Women activists under their umbrella organisation, the Domestic Violence Act Coalition and the Centre for Domestic Violence Prevention (CEDOVIP), are now demanding that government avails the funds to have it implemented.
Launching an interpreted version of the DVA in Kampala as one of the activities to launch 16 Days of Activism Against Gender Activism, the CEDOVIP executive director, Ms Tina Musuya, said the Act is not helping society since it has not been implemented.
“We call upon the government to allocate funding towards the implementation of the DVA 2010, learn about its benefits, reach out to those experiencing domestic violence and stop it,” Ms Musuya said.

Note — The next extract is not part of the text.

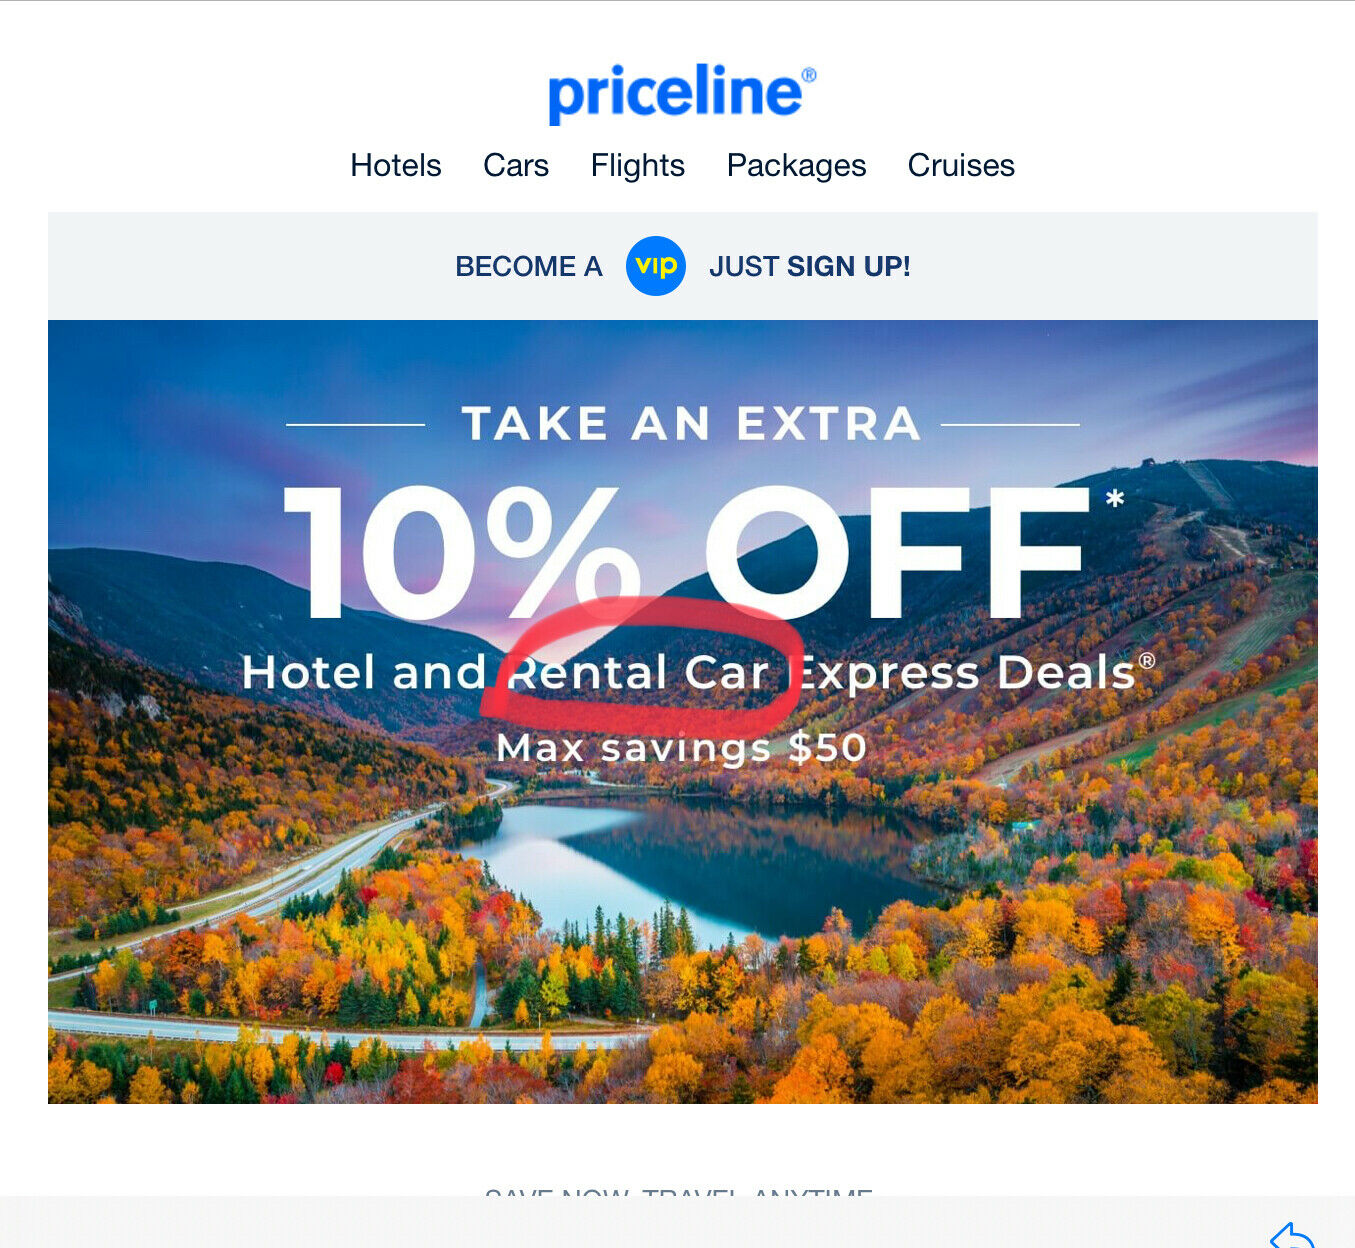 Priceline.com Coupon-10 Off Hotel/ Rental CAR Express Deals Exp.10/16 Max. 50 - $3.95

The Ministry of Gender has issued a certificate of implication but Mr Mubala Mabuya, who represented the Minister of Gender, Ms Rukia Nakadaama, said the ministry is in the process of costing the Act with a view of including it in the budget.
The speaker, Ms Rebecca Kadaga, called on government to prioritise the Act and look for resources to have it implemented. Every November 25 to December 10, the civil society joins the rest of the world to raise collective voices to mark the 16 days of activism against domestic violence.